# Hey all



## Dan k (3 mo ago)

I just bought myself a 1030, 38830 I think. I am really surprised how hard it is to find specs on the engine. Does anyone know what the compression ratio is? I know the manual recommends 87 octane so it must be under 9.5:1. 

Until I can secure a supply of e0 fuel I think I am going to use a can of some over the counter fuel to check out the blower when it is delivered. I believe VP fuel is the most recommended. Is that the concensus here?

Thanks in advance


----------



## db130 (Feb 16, 2013)

Here's how I found the information, so that others can as well in the future.

1) Go to the Toro website for your model: 30" Power Max® HD 1030 OHAE 38830 | Electric Start Gas Snow Blowers | Homeowner | Toro | Toro

Click on Parts and Manuals and then choose your serial number range for your specific snowblower. I picked the latest of the 3 options.

It then takes you here:





__





Parts – Power Max Heavy Duty 1030 OHAE Snowthrower | Toro







www.toro.com





2) Click on the engine assembly page:

*










Parts – Power Max Heavy Duty 1030 OHAE Snowthrower | Toro







www.toro.com




*
It says the engine is a *180FDS-1. 

3) *Google for 180FDS-1. The 3rd hit is the Toro service manual in PDF format:

https://www.toro.com/getpub/70681 

Its compression specs are listed on page 5: 8.9:1


----------



## jherbicide (Oct 14, 2021)

Edited due to above info: generally small engines have compression ratios of 6:1 to 8:1. 9.5:1 is high end for modern watercooled car engines meant for 87 octane.


----------



## UNDERTAKER (Dec 30, 2013)

*ALOHA!!!!!!*


----------



## Yanmar Ronin (Jan 31, 2015)

Welcome to SBF. 🍻


----------



## Oneacer (Jan 3, 2011)

I use regular gas. When I fill each 5-gallon gas can, I add 2oz of Stabil and 2oz of Seafoam. All my equipment gets this gas ... summer, winter, new, old, 2 cycle, generator, etc.,. ... never an issue and I never drain or empty tanks.
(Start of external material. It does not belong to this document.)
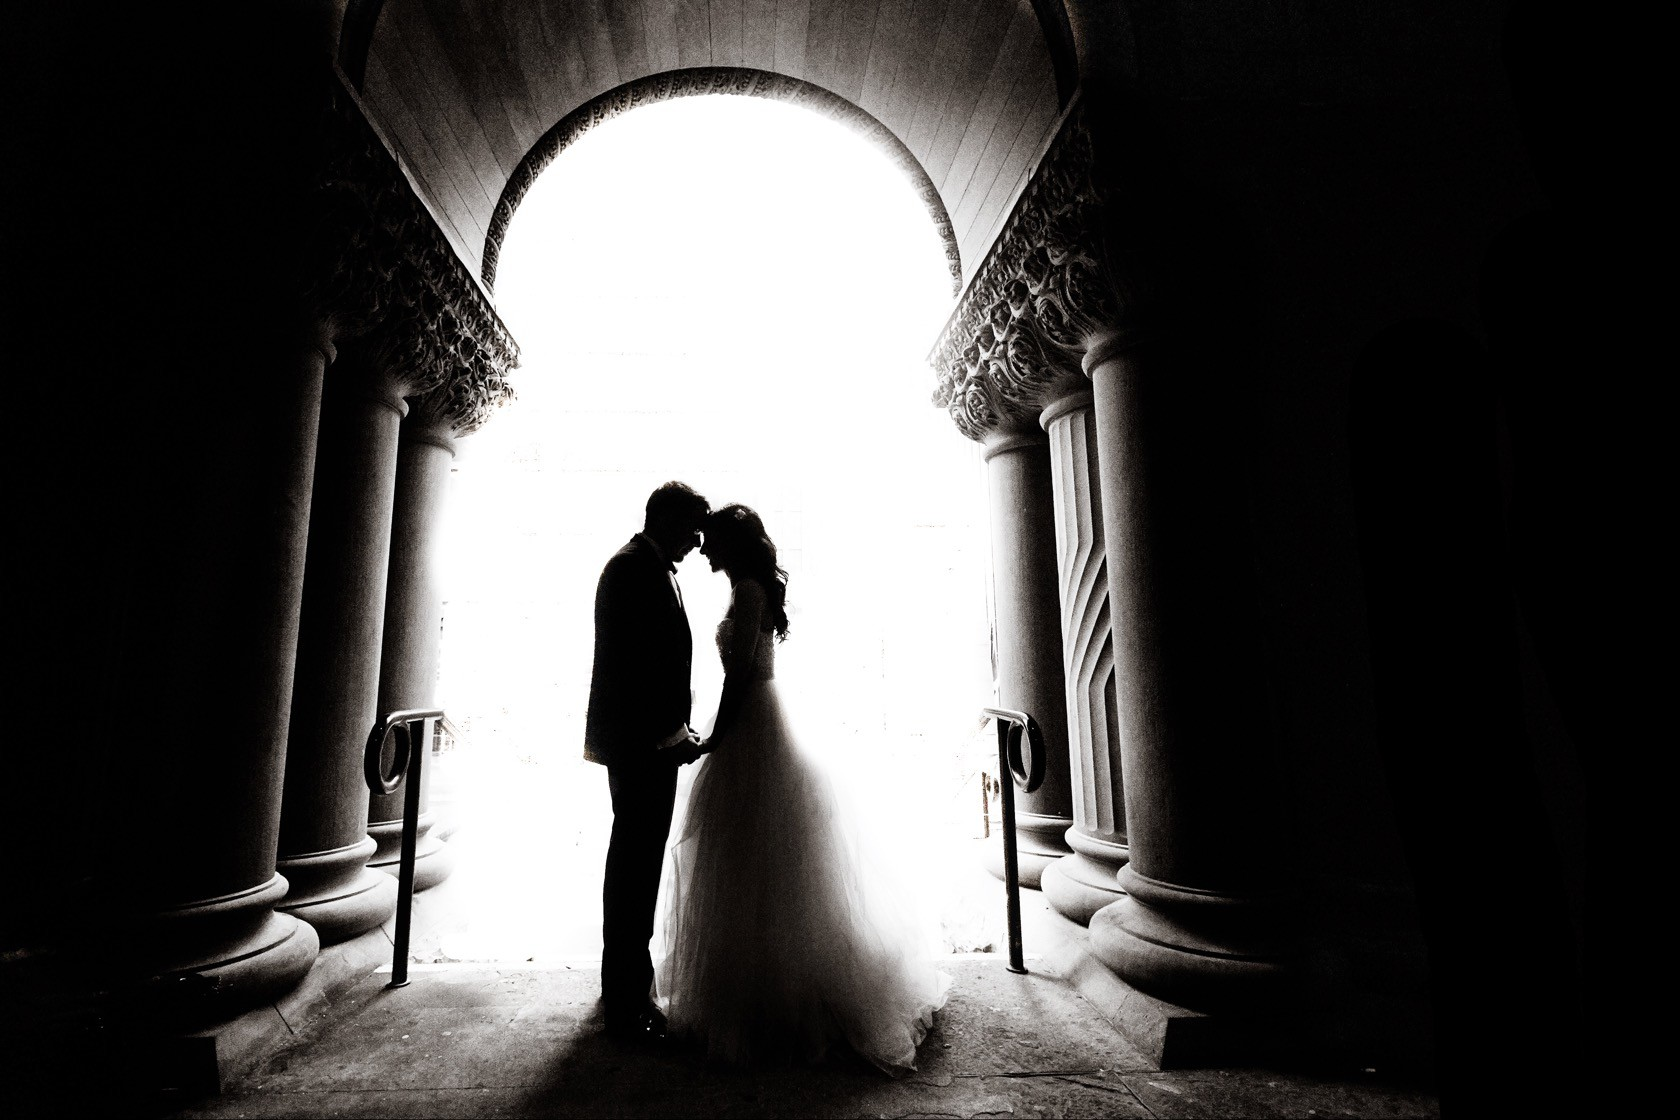 stephen sager photography 0125 fine art wedding photography

I do periodically run all my equipment. If it's close to 2 years on a piece of equipment, I will remove that gas and put it in a unit I am running at that time.


----------



## Cstanis (Oct 19, 2021)

Oneacer said:


> I use regular gas. When I fill each 5-gallon gas can, I add 2oz of Stabil and 2oz of Seafoam. All my equipment gets this gas ... summer, winter, new, old, 2 cycle, generator, etc.,. ... never an issue and I never drain or empty tanks. I do periodically run all my equipment. If it's close to 2 years on a piece of equipment, I will remove that gas and put it in a unit I am running at that time.


If you run it in a 2cycle don't you add additional oil for the correct mix ratio?


----------



## Oneacer (Jan 3, 2011)

As mentioned, all my gas gets Stabil and SeaFoam, this is the same gas that is used in all my equipment, including being used for 2-cycle. When used in 2-cycle engines, it is required to use additional corresponding oil mix at its appropriate mix ratio, which for most now adays is 50-1. I use separate 2 1/2-gallon cans marked as such for this mix.


----------